Note that the same rules apply to your own previously published work. When in doubt, include a citation.

Inappropriate use of citations

Citing an irrelevant source for the purpose of artificially inflating citation metrics is considered a breach of ethics. Only cite relevant sources that legitimately contribute to your paper according to the criteria outlined above.

Plagiarism

Plagiarism in any form is unacceptable and is considered a serious breach of professional conduct, all submissions are screened for plagiarism.

Data Falsification and Fabrication

It is important to be truthful when communicating research, avoiding fabrication and falsification, when you are writing or revising your paper.

  • Fabrication: Inventing data or results.
  • Falsification: Manipulating research materials, equipment, or processes, or changing or omitting data or results

EuSpRIG’s ethics requirements are adapted from the IEEE: Ethical Requirements – IEEE Author Center Conferences


Peer review process

Any submissions to EuSpRIG are first examined by the editor to determine if the paper meets the basic requirements of EuSpRIG and that it fits into either the general scope or specific scope of the relevant call for papers

  • Assuming the paper passes the initial consideration, the paper will be double blind reviewed by at least two domain experts.

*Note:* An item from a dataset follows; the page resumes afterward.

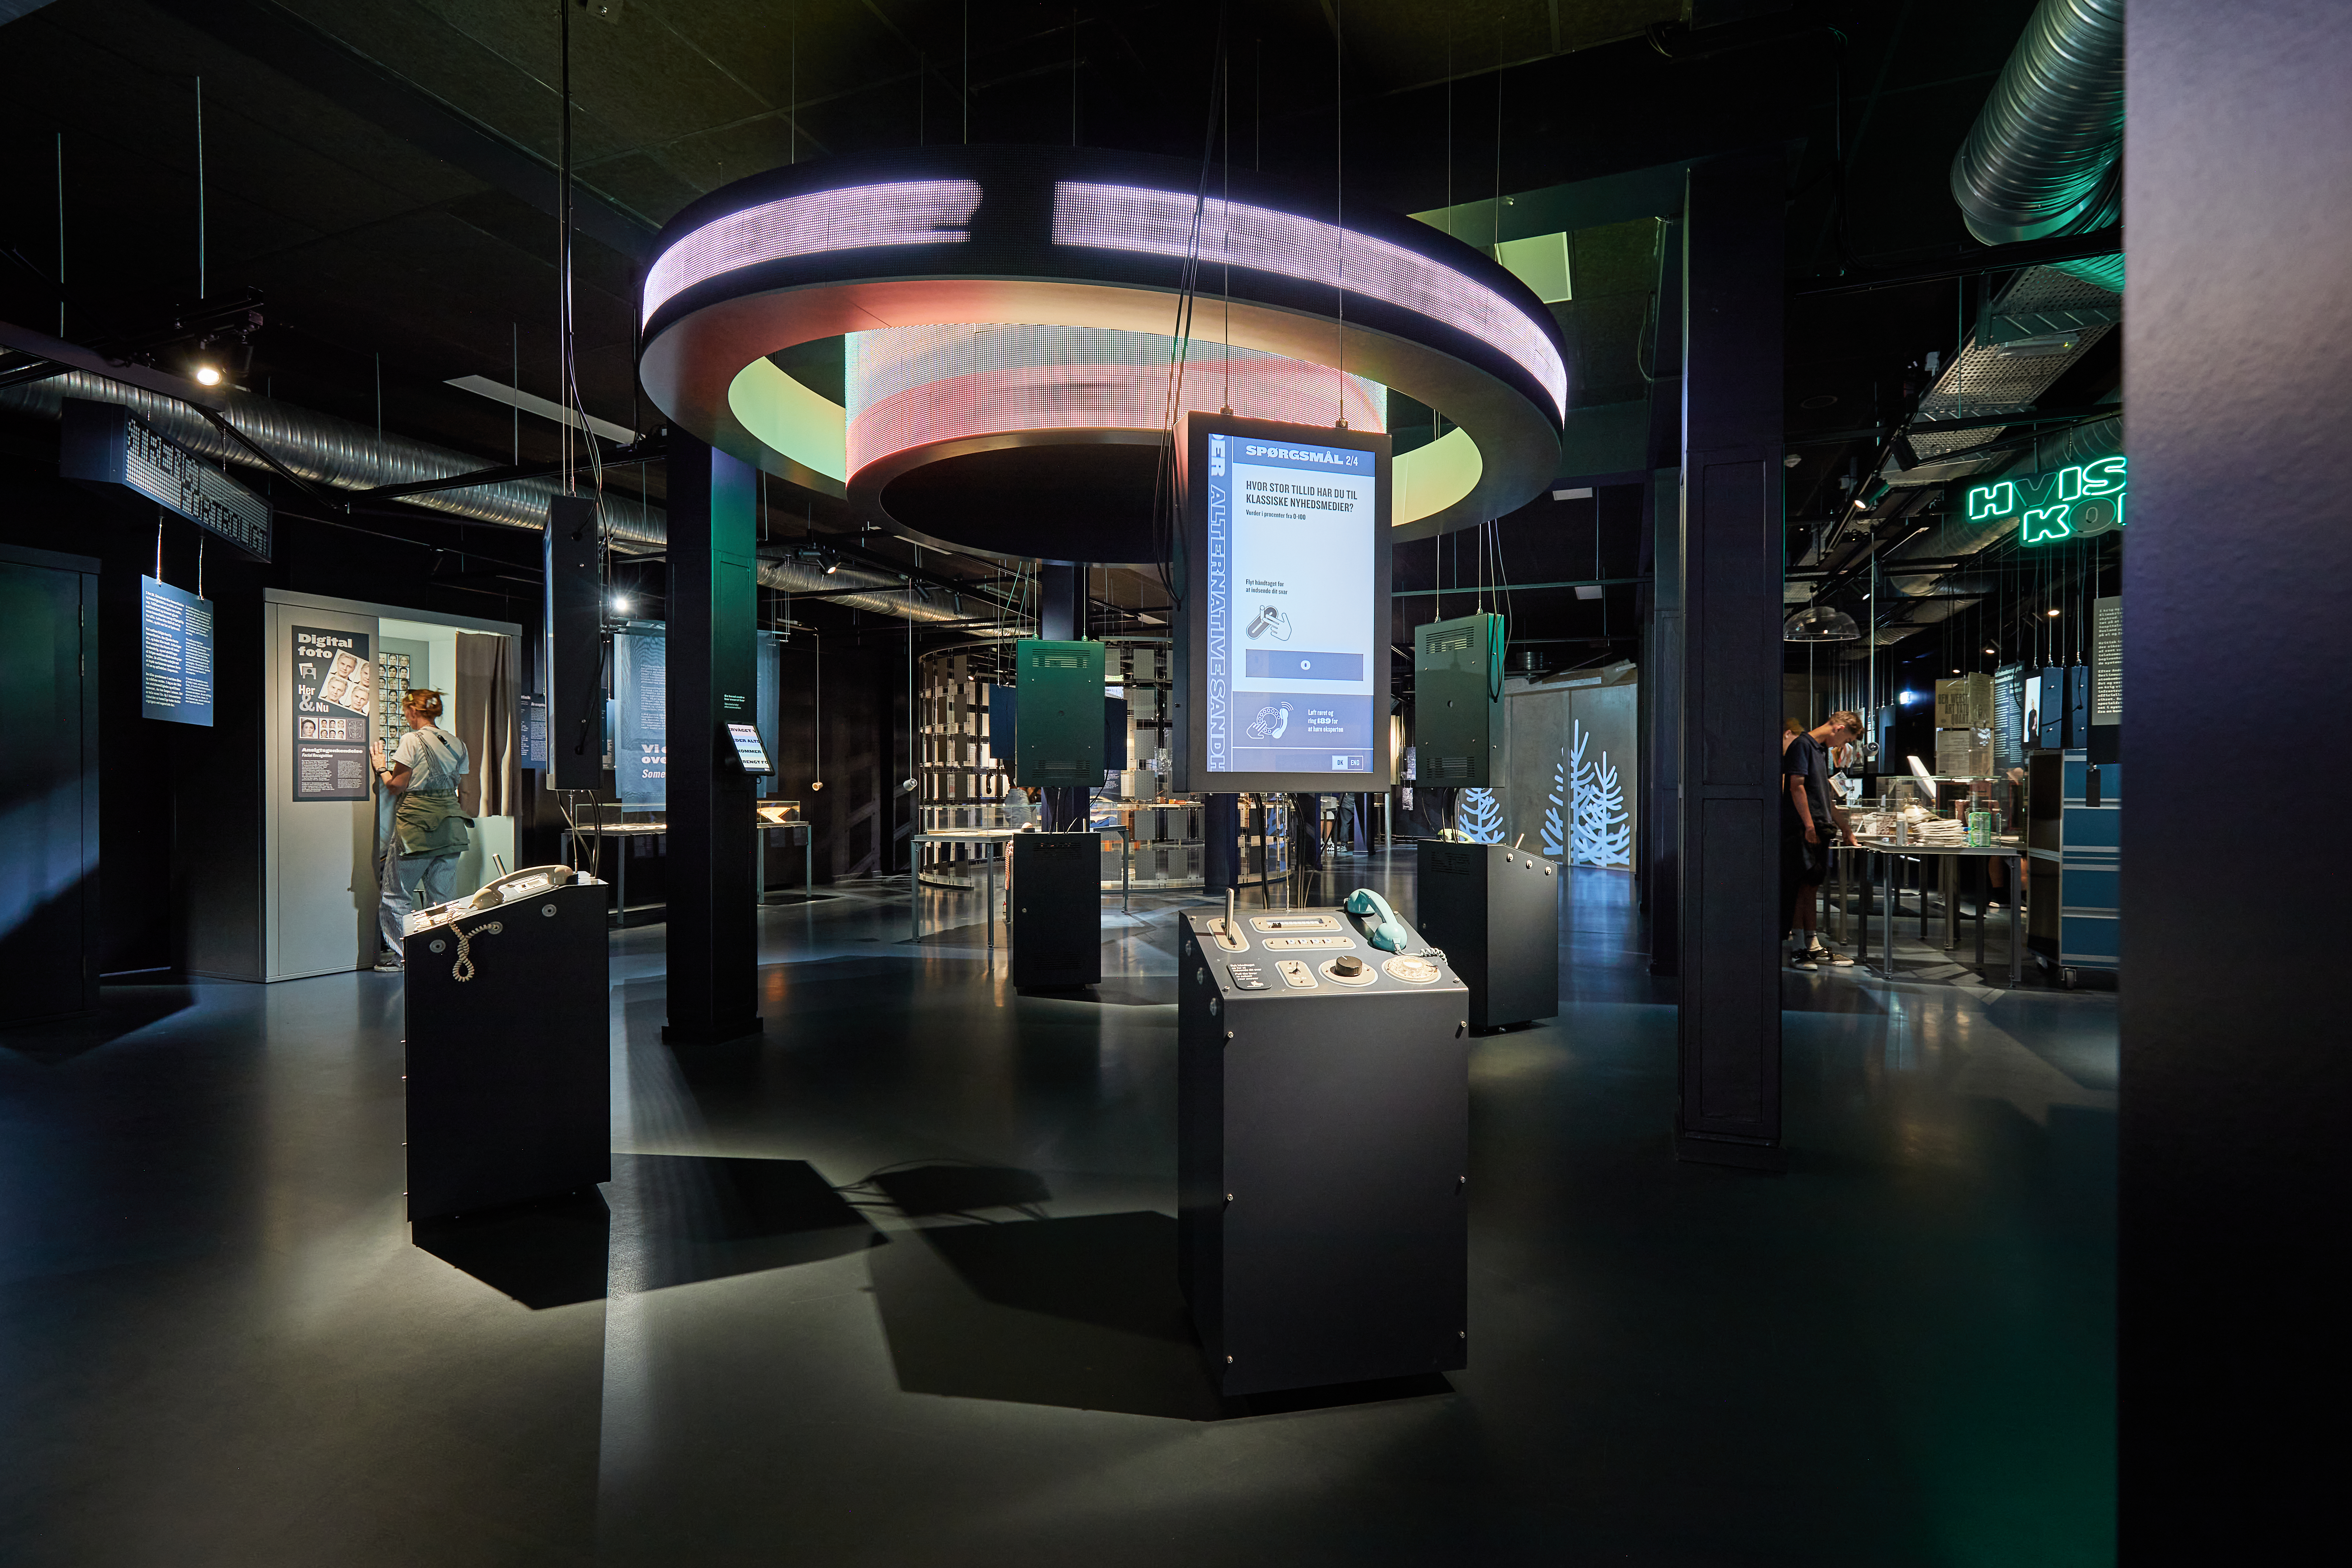 The exhibition provides a glimpse into the history of communication, connects it to the present, and aims to stimulate reflection on the future.

The identity of authors and reviewers is kept secret from both parties. All communication will be brokered through the editor who also has the final say on requirements around revisions.
  • The usual timeline is dictated by the call for papers which is generally released by October, with deadline submissions in March and notifications in April. Final camera-ready papers are required by early May.
  • Reviewers are domain experts from academia and industry, they represent a truly global panel with reviews conducted by academics and industry experts from all over the world: US, Canada, Ireland, UK, France, Germany, Austria and Australia.

Citation statistics

Based on 193 papers published between 2000 and 2019, the total number of citations to this work is just over 2000. The average number of citations per paper is in excess of 10. The top 20 EuSpRIG papers have been cited 1100 times with an average of 55 citations each. Papers that have been around longer are cited more. The number of citations per paper per year shows that our citation performance has remained broadly similar over the two decades, including recently. However, the number of papers submitted has almost halved (70/123 = 56%) in the second of our two decades of operation. The number of papers in the last 5 years is half the number of papers in the first 5 years. Papers that cite EuSpRIG papers are themselves highly cited. The top 20 EuSpRIG papers have been cited by 1100 papers that have themselves been cited over 20,000 times. Net of duplication, we have still been cited directly and indirectly by very many thousands of differing publications.

Costs to publish

All published work is open access, meaning that there is no paywall for accessing the articles published by EuSpRIG. All abstracts and published work can be accessed here There are no costs to the authors of papers, if a paper is accepted, then fees associated with registration, attendance at the conference and publication are waived by EuSpRIG.

Editor and Editorial Board:

Editor and Programme Chair: Dr Simon Thorne

Dr Simon Thorne is a Senior Lecturer in Computer Science at Cardiff Metropolitan University. Simon teaches and researches in the fields of Artificial Intelligence, Machine Learning, Neural Networks, End User Computing, Spreadsheet Error and Human Factors. As editor of EuSpRIG, he has overseen the publication of over 100 peer reviewed manuscripts in 13 published proceedings. Simon has personally published 30 peer reviewed manuscripts in journals and conferences and has published 19 manuscripts on spreadsheet risk and software quality. He has led £600K in EU and UK research funding and is a subject specialist for AI, machine learning and software quality for the Engineering and Physical Sciences Research Council (EPSRC).